In rust instead of the full blown

fn filter_condition(val: ValType) -> bool { // logic }

I can declare a function in place with |val|{logic} - the lambda is just syntactic sugar to make your life easier.

>>deepsq+(OP)
Language is not the problem but clear intent along with direction of action and defined and not implied subject.

Consider:

"Eat grandma if you're hungry"

"Eat grandma, if you're hungry"

"Eat grandma. if you're hungry"

Same words and entirely different outcome.

Pseudo code to clarify:

[Action | Directive - Eat] [Subject - Grandma] [Conditional of Subject - if hungry]

>>embedd+Zo2
It depends on what you mean by a language. If JSON then yes. There are ways to implement CRDT by layering on top of JSON (see Automerge) but the result is really far from idiomatic readable JSON people expect to see.

RDX is more like CRDT JSON DOM in fact, not just JSON+. If that makes sense.

>>deepsq+(OP)
Opus 4.5 is very good at using TLA+ specifications to generate code.

>>kwanbi+Ro2
They're just functions that you define inside another "outer" function's local scope, and depending on the language they will/can also work as closures - meaning they capture the values of variable in the outer function as well.
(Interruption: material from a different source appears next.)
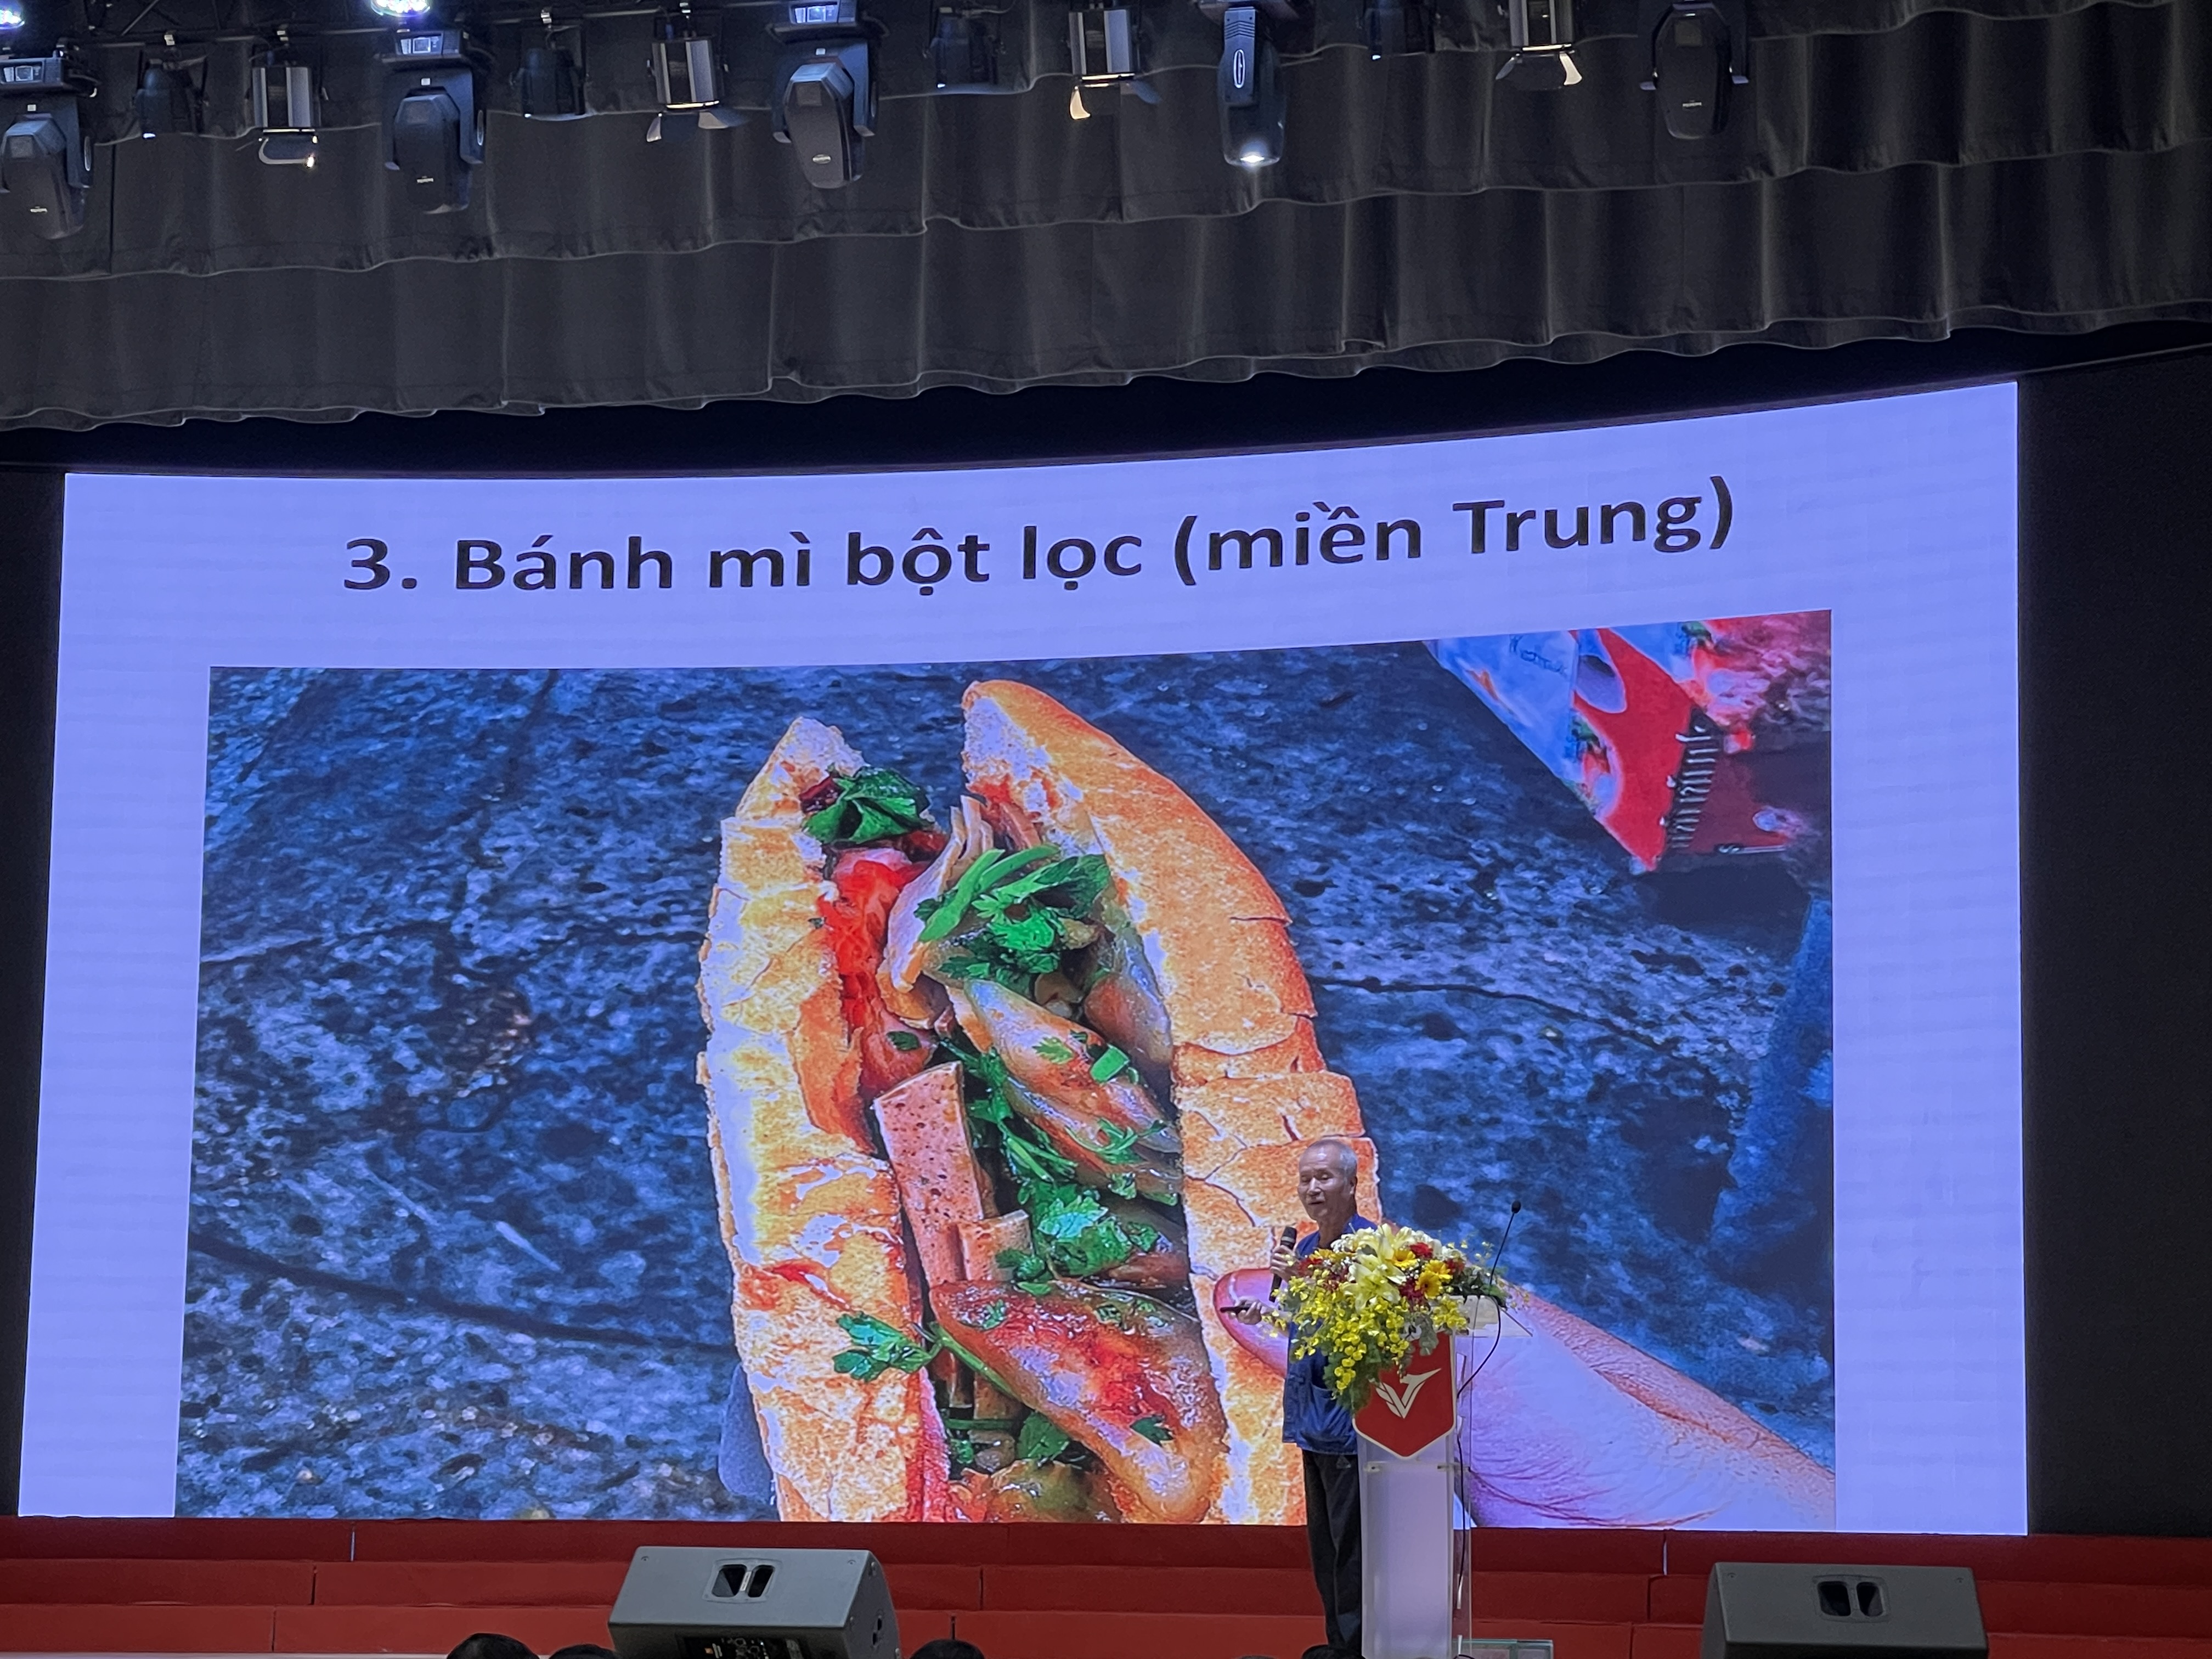 Historian Vu The Long speaks at the conference on the background photo of a ‘banh mi bot loc’ (banh mi stuffed with Vietnamese tapioca dumplings) which can be found in the central region of Vietnam. Photo: Photo: Dong Nguyen / Tuoi Tre News
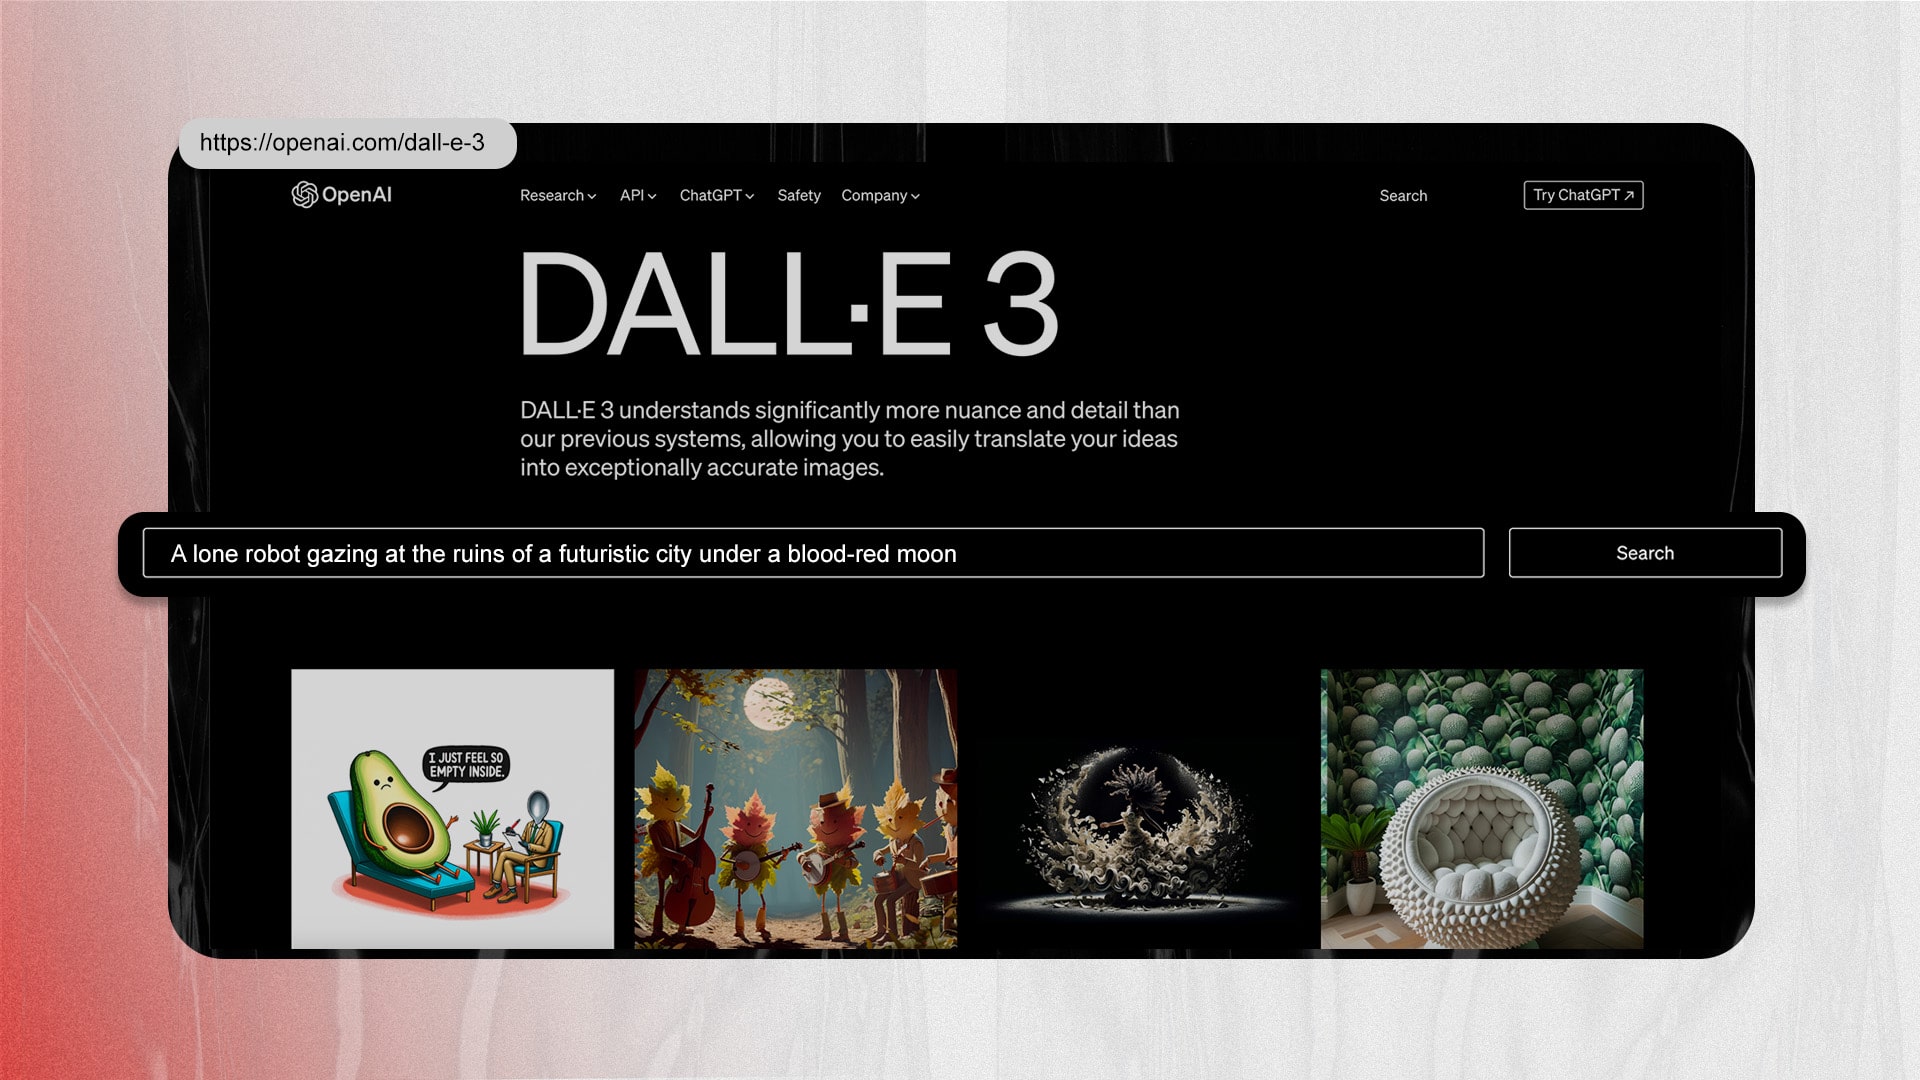 Interface of Dalle-3

I don't know the syntax of kotlin, but lambda functions generally are usually useful to pass as parameters to other, generic/higher-order functions. For example if you have a sort function `sort(listofitems, compareitems_fn)` you could write the `compareitems_fn` as a lambda directly in-line with the call to sort()

>>keepam+zO
Syntax != semantics. The LLM being able to adhere syntax is one thing, the LLM picking up various language-isms is another. In Python, you don't want to see

    for i in range(len(arr)): 
        something(arr[i])

because the pythonic way is simply:

    for i in arr:
        something(i)

or even:

    [something(i) for i in arr]

The first version is absolutely syntactically correct, but terrible python. How do you teach the LLM that?

Bugs don't come from syntax errors. If you've got a syntax error, it doesn't compile/fails to run entirely. So we're not talking about the LLM learning the syntax, I'm asking the LLM learning the deeper semantics of lanng.